CCing some maintainers, could you please consider adding these uaddc<mode>5/usubc<mode>5 expanders to rs6000, aarch64, arm, s390, riscv targets if the targets have some appropriate instructions (add with carry and subtract with carry/borrow), copy the above gcc.target/i386/ testcases to other gcc.target subdirectories and verify there you get optimal code for those sequences? The _BitInt addition/subtraction code will also use these new internal functions if possible, so implementing it will also help get usable code for _BitInt later on.
The master branch has been updated by Jakub Jelinek <jakub@gcc.gnu.org>: https://gcc.gnu.org/g:2b4e0415ad664cdb3ce87d1f7eee5ca26911a05b commit r14-1896-g2b4e0415ad664cdb3ce87d1f7eee5ca26911a05b Author: Jakub Jelinek <jakub@redhat.com> Date: Fri Jun 16 19:47:28 2023 +0200 uiltins: Add support for clang compatible __builtin_{add,sub}c{,l,ll} [PR79173] While the design of these builtins in clang is questionable, rather than being say unsigned __builtin_addc (unsigned, unsigned, bool, bool *) so that it is clear they add two [0, 0xffffffff] range numbers plus one [0, 1] range carry in and give [0, 0xffffffff] range return plus [0, 1] range carry out, they actually instead add 3 [0, 0xffffffff] values together but the carry out isn't then the expected [0, 2] value because 0xffffffffULL + 0xffffffff + 0xffffffff is 0x2fffffffd, but just [0, 1] whether there was any overflow at all. It is something used in the wild and shorter to write than the corresponding #define __builtin_addc(a,b,carry_in,carry_out) \ ({ unsigned _s; \ unsigned _c1 = __builtin_uadd_overflow (a, b, &_s); \ unsigned _c2 = __builtin_uadd_overflow (_s, carry_in, &_s); \ *(carry_out) = (_c1 | _c2); \ _s; }) and so a canned builtin for something people could often use. It isn't that hard to maintain on the GCC side, as we just lower it to two .ADD_OVERFLOW calls early, and the already committed pottern recognization code can then make .UADDC/.USUBC calls out of that if the carry in is in [0, 1] range and the corresponding optab is supported by the target. 2023-06-16 Jakub Jelinek <jakub@redhat.com> PR middle-end/79173 * builtin-types.def (BT_FN_UINT_UINT_UINT_UINT_UINTPTR, BT_FN_ULONG_ULONG_ULONG_ULONG_ULONGPTR, BT_FN_ULONGLONG_ULONGLONG_ULONGLONG_ULONGLONG_ULONGLONGPTR): New types. * builtins.def (BUILT_IN_ADDC, BUILT_IN_ADDCL, BUILT_IN_ADDCLL, BUILT_IN_SUBC, BUILT_IN_SUBCL, BUILT_IN_SUBCLL): New builtins. * builtins.cc (fold_builtin_addc_subc): New function. (fold_builtin_varargs): Handle BUILT_IN_{ADD,SUB}C{,L,LL}. * doc/extend.texi (__builtin_addc, __builtin_subc): Document. * gcc.target/i386/pr79173-11.c: New test. * gcc.dg/builtin-addc-1.c: New test.
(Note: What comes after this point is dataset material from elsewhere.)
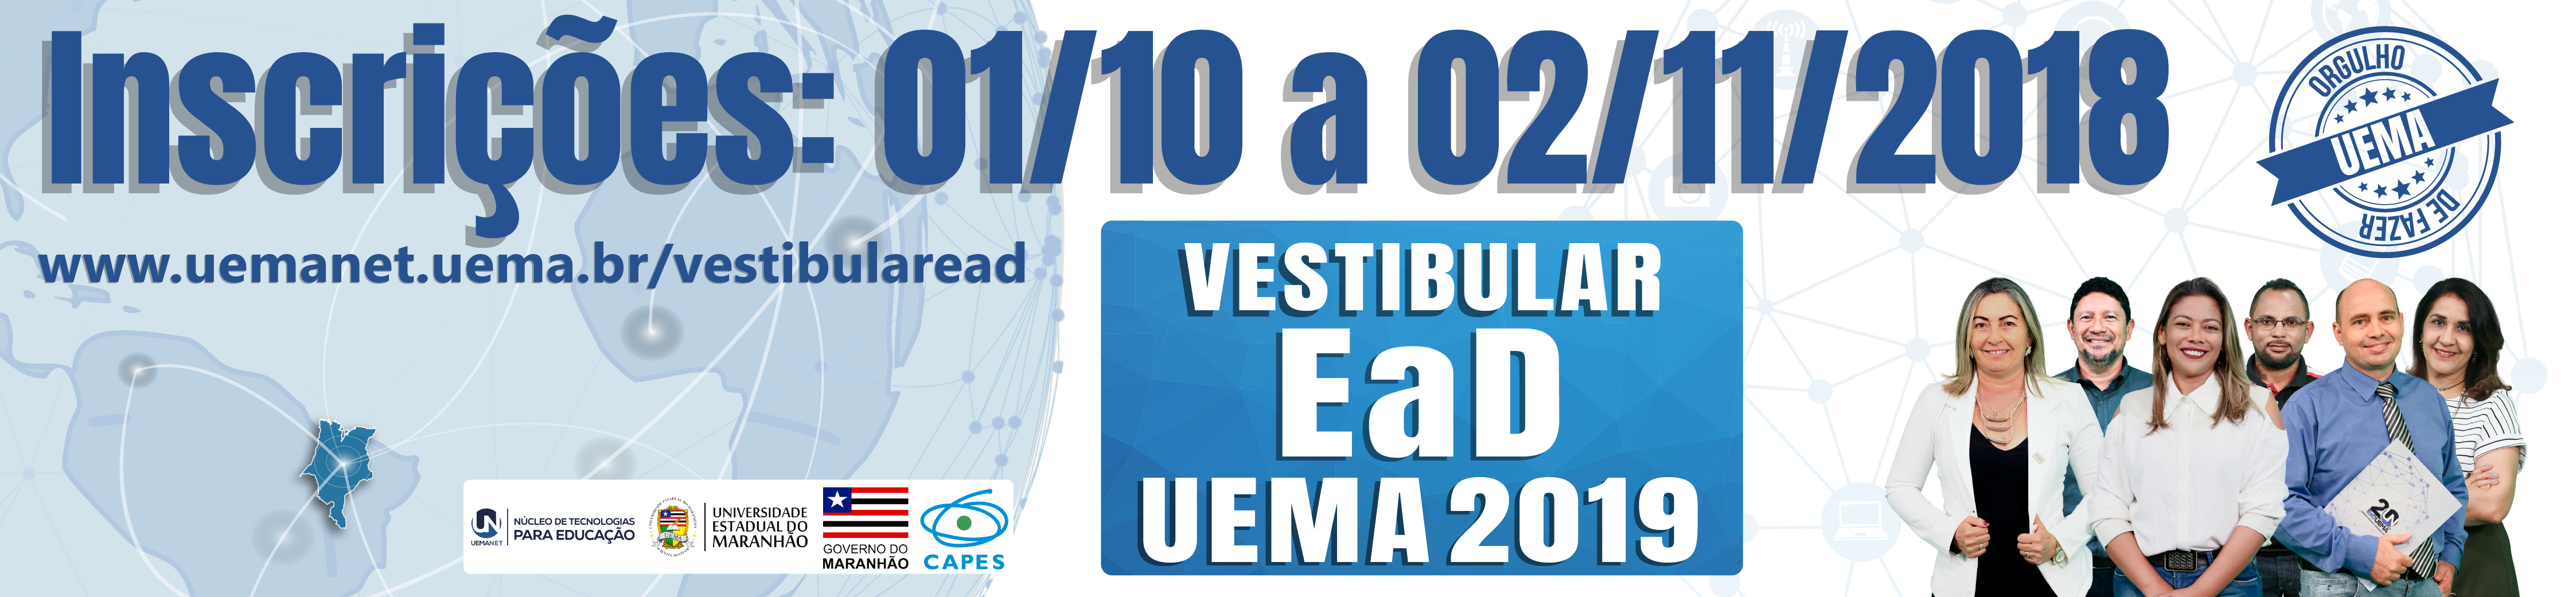 banner-site-vestibular-ead-uema-2019

risc-v doesn't have any special instructions to implement add-with-carry or subtract-with-borrow. Depending on who you talk do, it's either a feature or a mis-design.
Sorry, in that case nothing needs to be done for riscv. I'm sure aarch64, arm has one (e.g. adcs), I think powerpc has some, but e.g. PR43892 is still open, and I'm sure s390 has them too (alc*, slb*).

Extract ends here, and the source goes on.